A French school in Doha has come under fire after a parent complained that its headteacher made racist and derogatory comments about Islam and Qatari students during internal meetings.
An investigation is reportedly underway over claims made recently on a local radio phone-in show about the headteacher of the Lycée Franco-Qatarien Voltaire, Jean-Pierre Debaere.
On the program, a woman who called herself Umm Ahmad said she was the mother of a student at the school, and said she had been told that during a meeting at the school, Debaere said: “Qatari students are like garbage bags, I can throw in them anything I want, teach them whatever I want.”
A representative of the school told Doha News: “We are not allowed to speak about this.”
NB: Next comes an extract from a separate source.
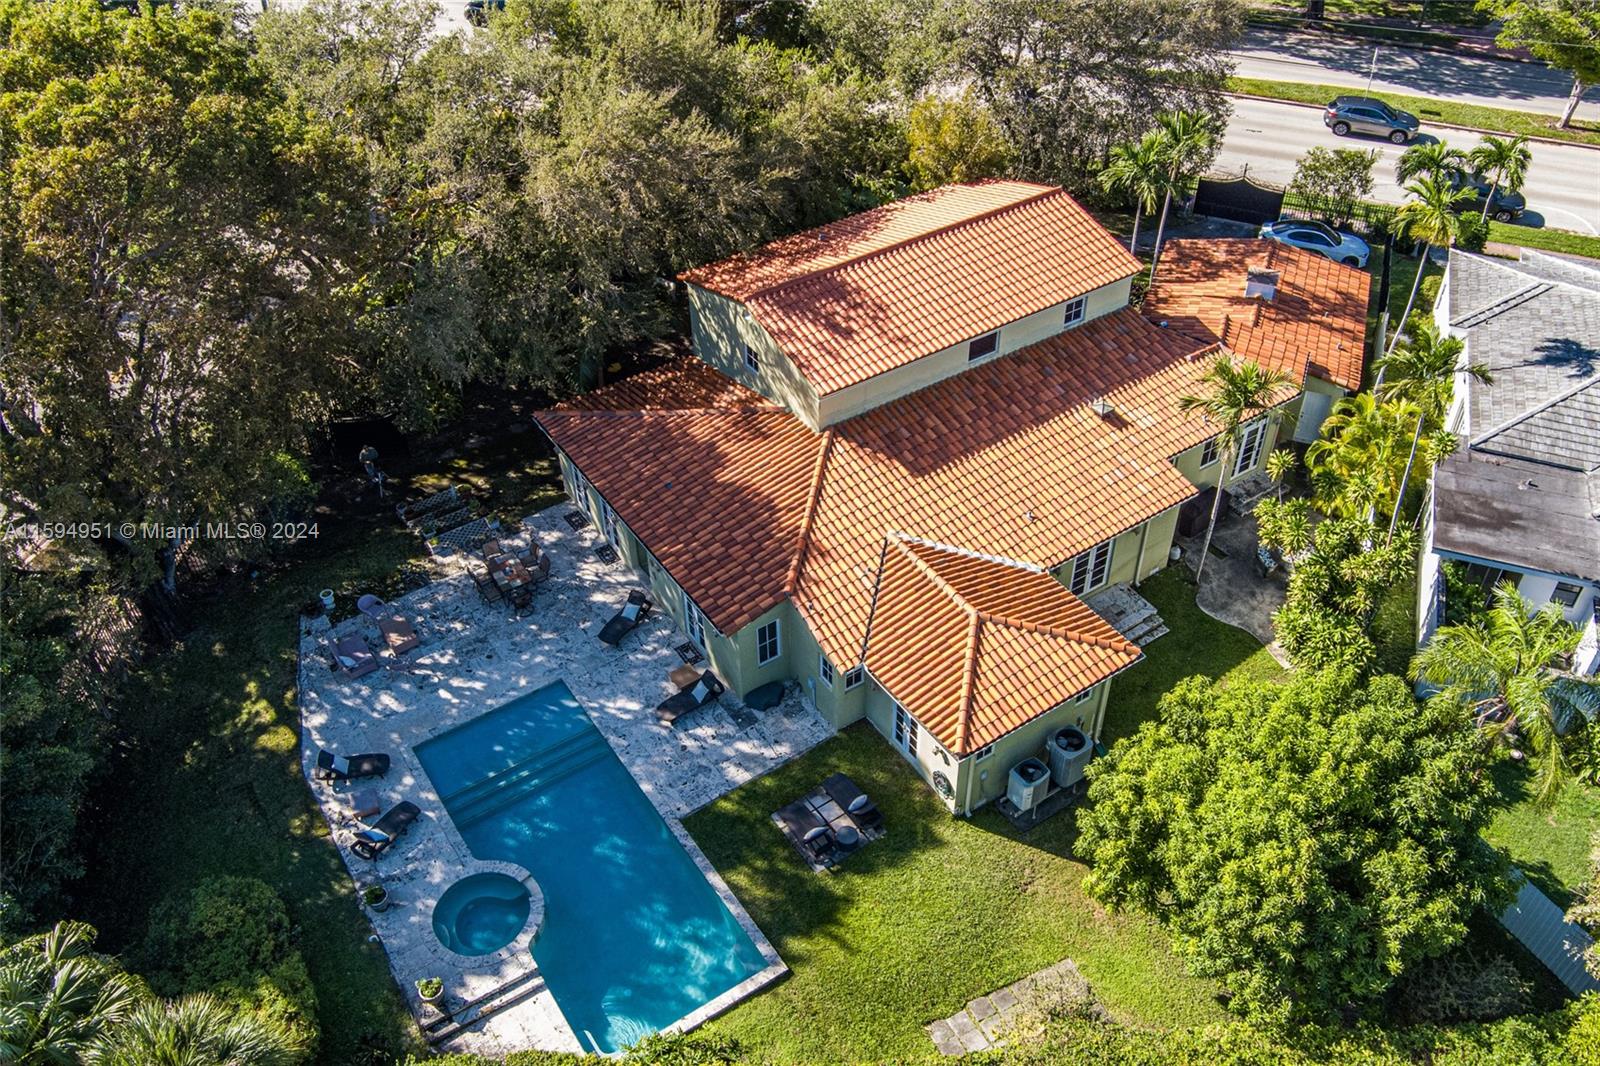 Property for Sale at 5101 Alton Rd Rd, Miami Beach, Miami-Dade County, Florida - Bedrooms: 5 
Bathrooms: 5  - $3,800,000

The French Embassy in Qatar also declined to make any statement about the allegations, which have not been independently substantiated.
Islam and terrorism
During her comments on the Arabic program Watani al habib (“my beloved homeland”), which can be heard here, Umm Ahmad said she was told of the comments by people who had attended the meeting.
She also claimed that after the November Paris attacks by gunmen, the principal gathered all the students and made them stand for a moment of silence, and then told them that “Islam is terrorism.”
Finally, she said that Debaere has “repeatedly” said “face-veiled Qatari women are like black post boxes that one can’t make out anything from.”
The private school, which has nearly 1,500 students across its three sites in West Bay, Al Waab and on Salwa Road, was established in 2007.
Its first campus was inagurated by then-French President Nicholas Sarkozy and Sheikh Tamim bin Hamad Al Thani in early 2008.
Qatar’s Ministry of Education and Higher Education has not made any official comment about the claims.
However, on Twitter, Education Minister Dr. Mohammad bin Abdul Wahed Al-Hammadi warned against jumping to conclusions:
أُمِرنا أن نتبين قبل أن نصيب قوماً بجهالة، ومن العيب أن نسئ للناس بناءاً على خبر لم نتثبت من صدقه قد تكون له دوافعه
— د محمد الحمادي (@M_Alhamadi_PhD) February 21, 2016
Translation: “We have been ordered (by God in the Quran) that we cannot accuse people without firm knowledge.”
Many on social media however have called for an investigation into the comments.
Translation: “Whatever his (the principal’s) motives were, he has to respect the people and their religion in the country where he lives and to respect the position he has.”
Translation: “We hope that matter would be cleared and if indeed he said what had been alleged, we trust that necessary procedures would be followed. If it turns out to be a rumor, then the person who started (it) has to be punished.”
This is not the first time the school has gotten caught up in controversy.
In 2010, its then-head headteacher Jean-Pierre Brosse was recalled after Qatar’s public prosecutor complained about textbooks that referred to the history of Christianity and France’s wine production, along with a picture of a naked woman in a science manual, Radio France Internationale (RFI) reported.
His successor Franck Choinard also left just two years later amid controversy.
At the time, Al Raya reported that parents had also complained the school syllabus included geography and history lessons that included Christianity in the Middle Ages, which violated regulations that lessons should be in alignment with Islamic values and Qatari norms.
However, the school states on its website that it “attaches importance to the teaching of history and Qatari culture. Religious instruction in Arabic, mandatory for Qatari students from the Kindergarten class, is optional for non-Qatari Muslim students. All levels (kindergarten through second) are approved by the Ministry of Education.”